Before she could argue, he kissed her.
24
After a tedious evening of society, Blake decided he deserved some recompense. His wife had been the most enchanting woman in the room, devil take her deceitful soul. He needed to vent his frustrations, but he could not yell at a woman who was still—despite all his protests—attempting to make a pet lapdog of him.
So he sought the one solace he longed for—her beautiful mouth. Jocelyn’s sweet, eager kisses sang songs in Blake’s misbegotten soul. His wife had become like a drug in his veins, one he could not resist. He despised weakness and would work to overcome this one—later, when he was less frustrated.
She briefly shoved at his chest—no doubt still peeved at him. But in moments her lace gloves slid around his neck and her light fragrance of lavender enfolded him. He took advantage of her proximity to nibble her earlobe and press kisses down her slender throat until she wriggled closer, nearly sitting on his lap. He loved that, despite all her reservations, she snuggled willingly into his arms.
Even knowing better, Blake still had the urge to carry her to bed. His normally competent wits rang clarion warnings, but her kisses had wiped out the reasons why. He wasn’t meant to be a monk. She was his wife. He almost persuaded himself that they’d learn to rub along better once they satisfied their lust.
As the horses jerked to a halt in front of the house, Blake glanced up from ravishing his wife to see the blaze of lamps lit in every window.
Jocelyn peered around him, saw the lights, and nearly climbed over him to reach the door. “Something is wrong!” she declared. “Hurry.”

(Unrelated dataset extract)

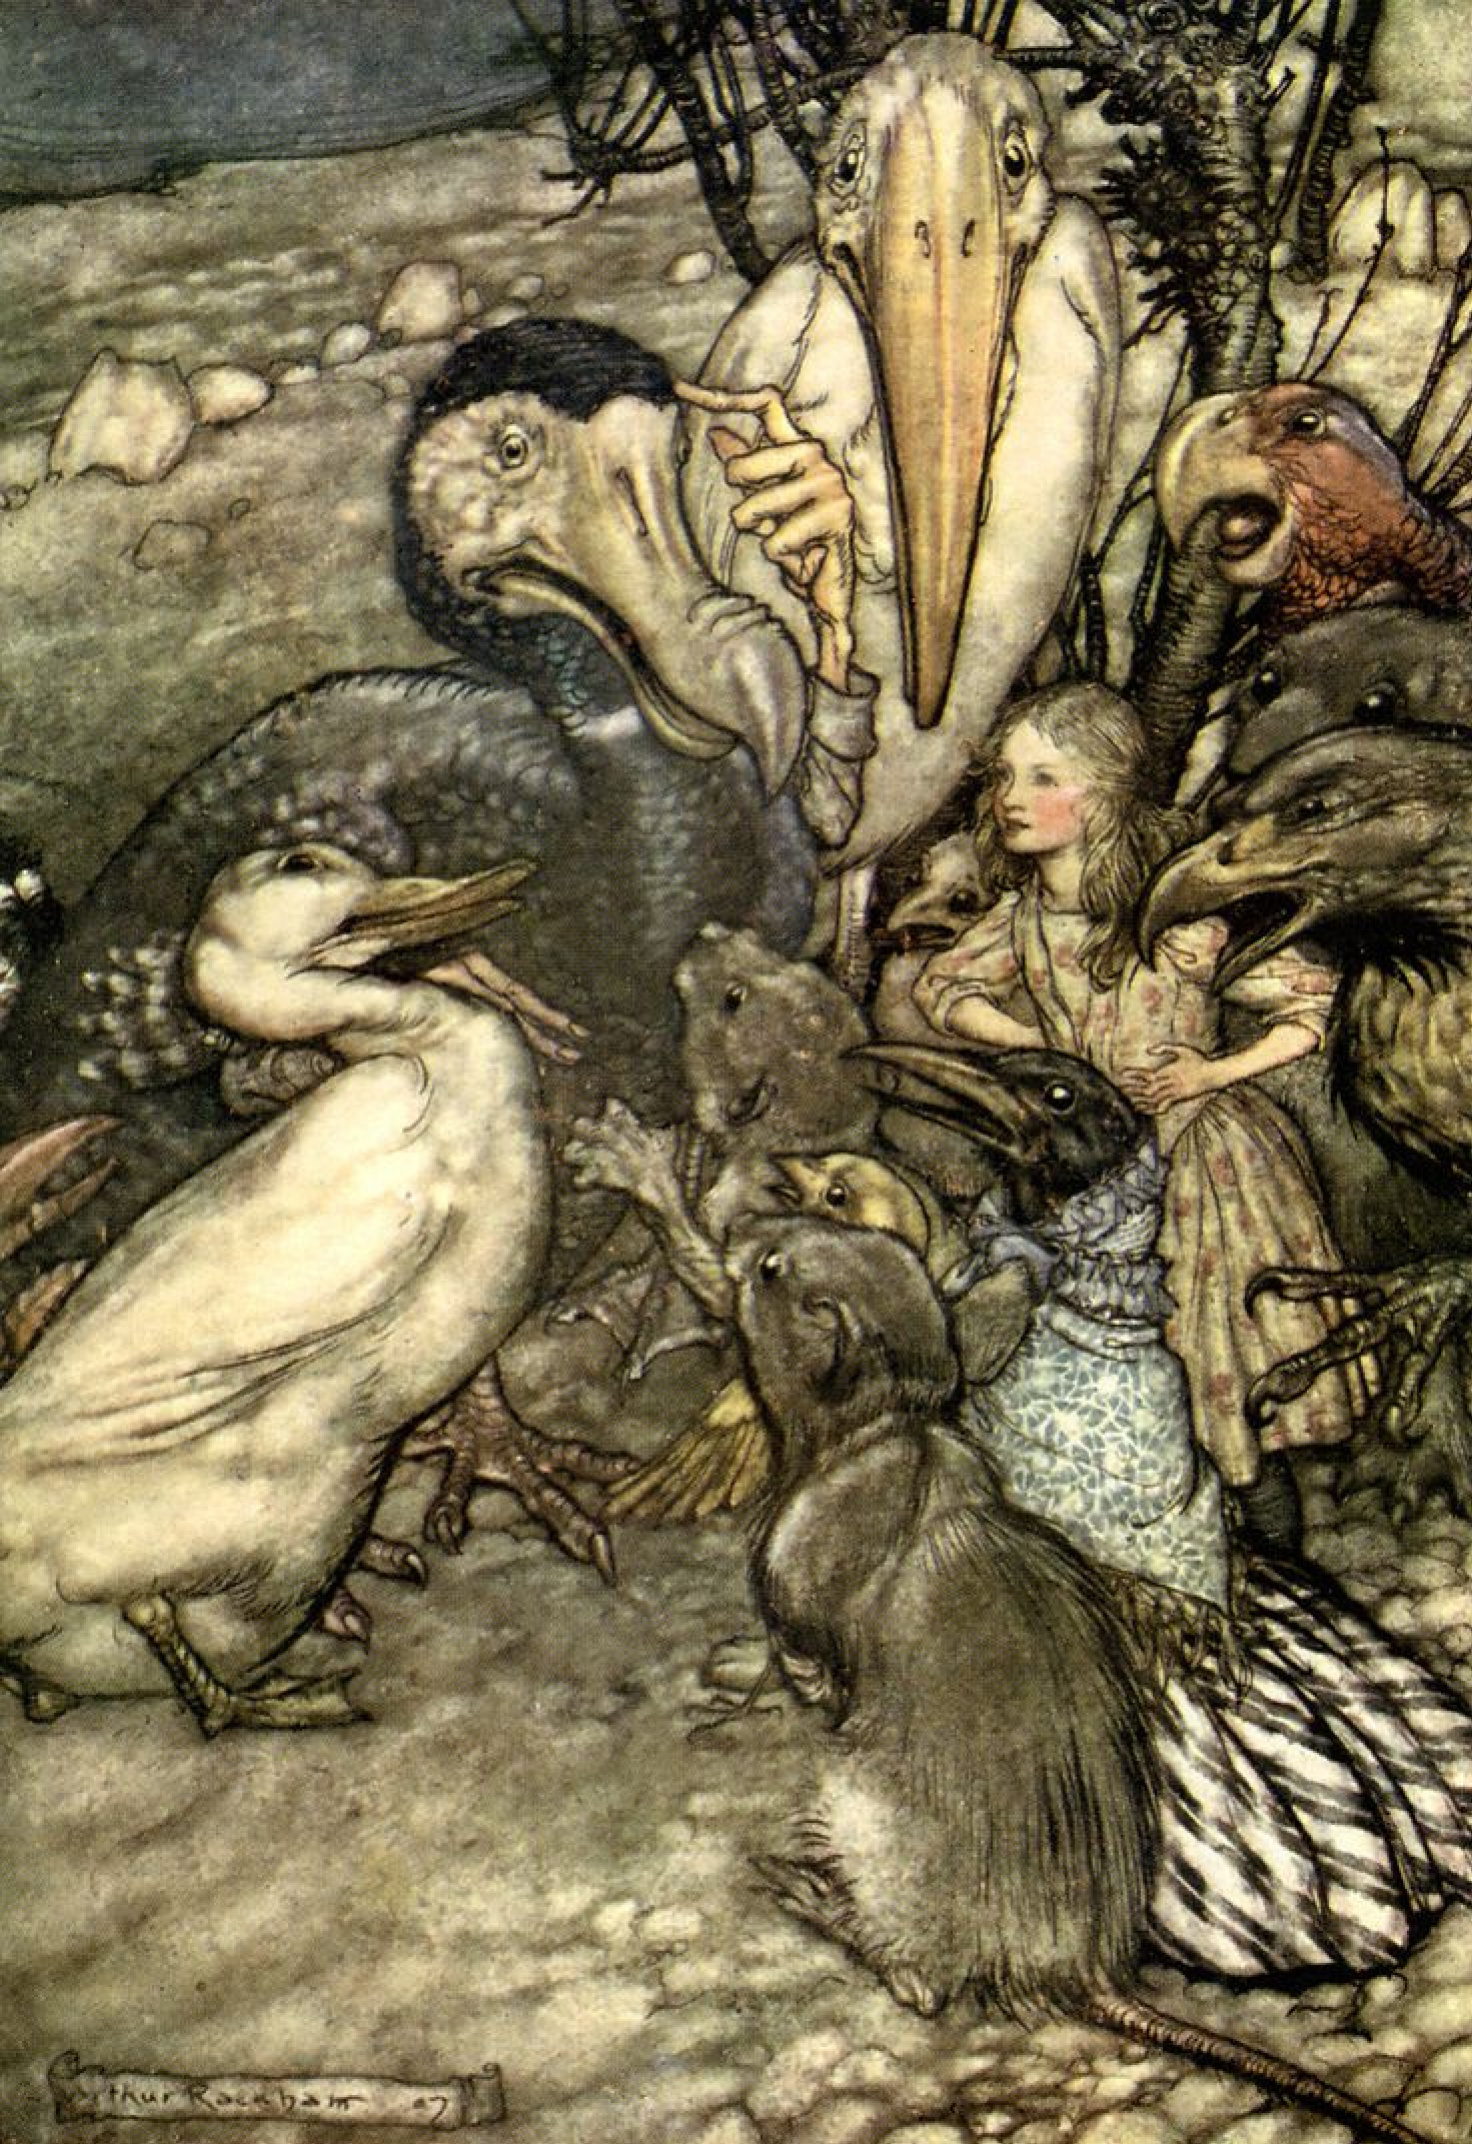 Arthur Rackham Illustration for the tale 
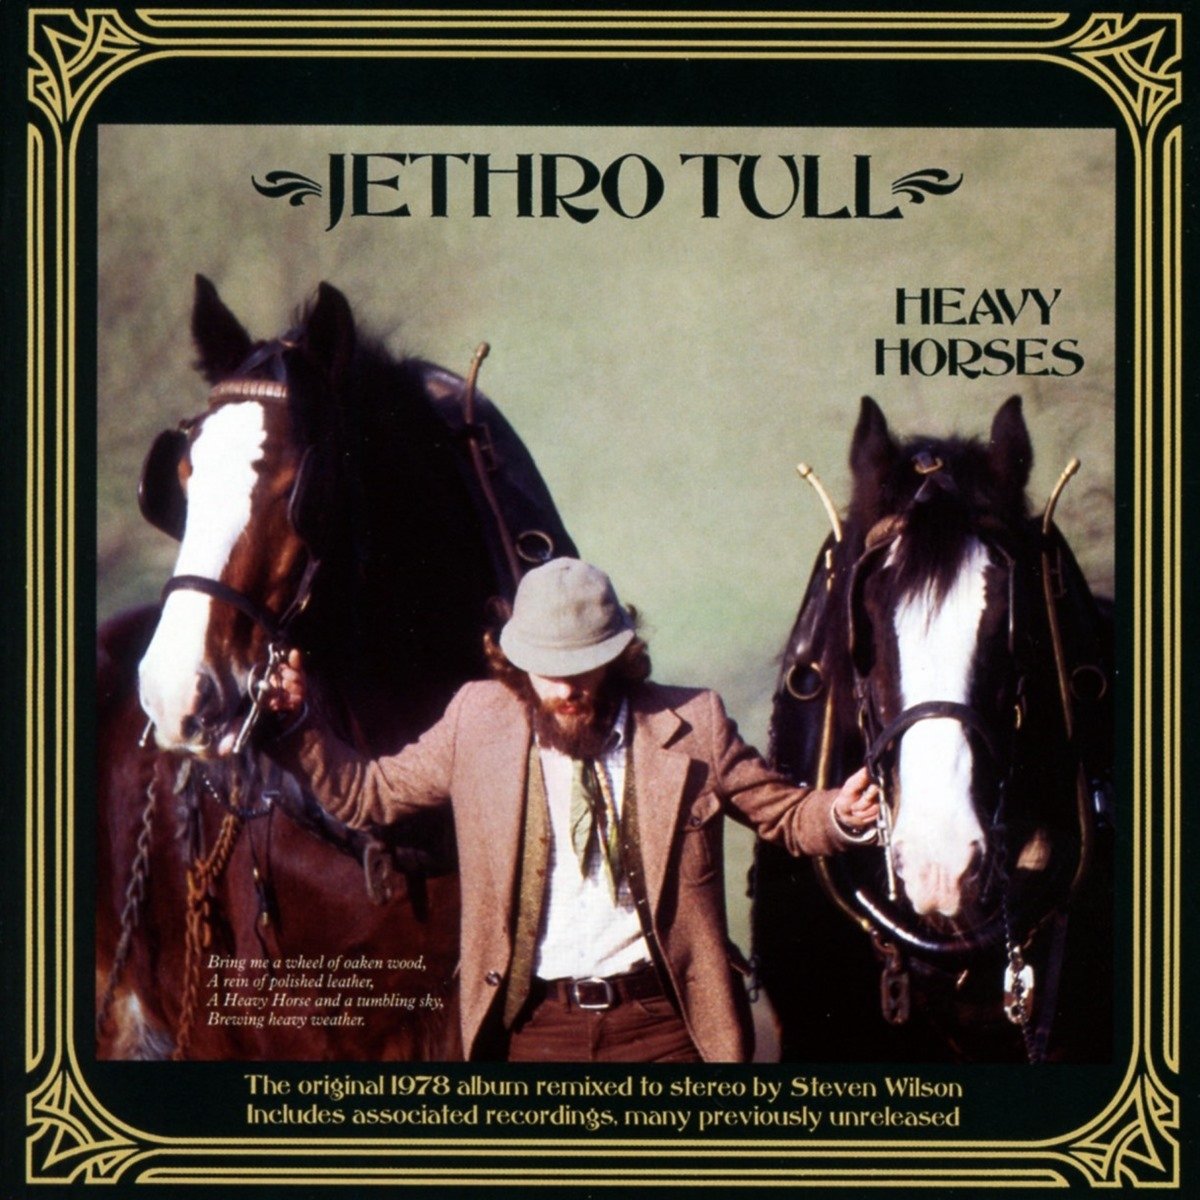 Heavy Horses -Steven Wilson Remix | Jethro Tull image0

Remembering French intruders with broken heads, Blake kicked open the carriage door, jumped down, and hauled Jocelyn out before a postboy could let down the stairs. He had to grapple for his coin purse to pay the driver while she flew through the gateway and up the walk.
Duty performed, he strode rapidly after Jocelyn. In his experience with his own family, domestic crises were usually resolved without his aid, but perhaps if he settled this one swiftly, his wife might be returned to a receptive mood—
He forgot that pleasant thought upon entering the narrow foyer and cracking his shin on a large wooden crate. He could hear the maid and footman shouting at each other in the back of the house, out of sight. Jocelyn’s usually unruffled tones were sharp and anxious in response. But he could not rush forward to end the dispute without falling over a few dozen containers and the unfamiliar woman bent over them, obliviously unpacking books and papers and stacking them across the floor.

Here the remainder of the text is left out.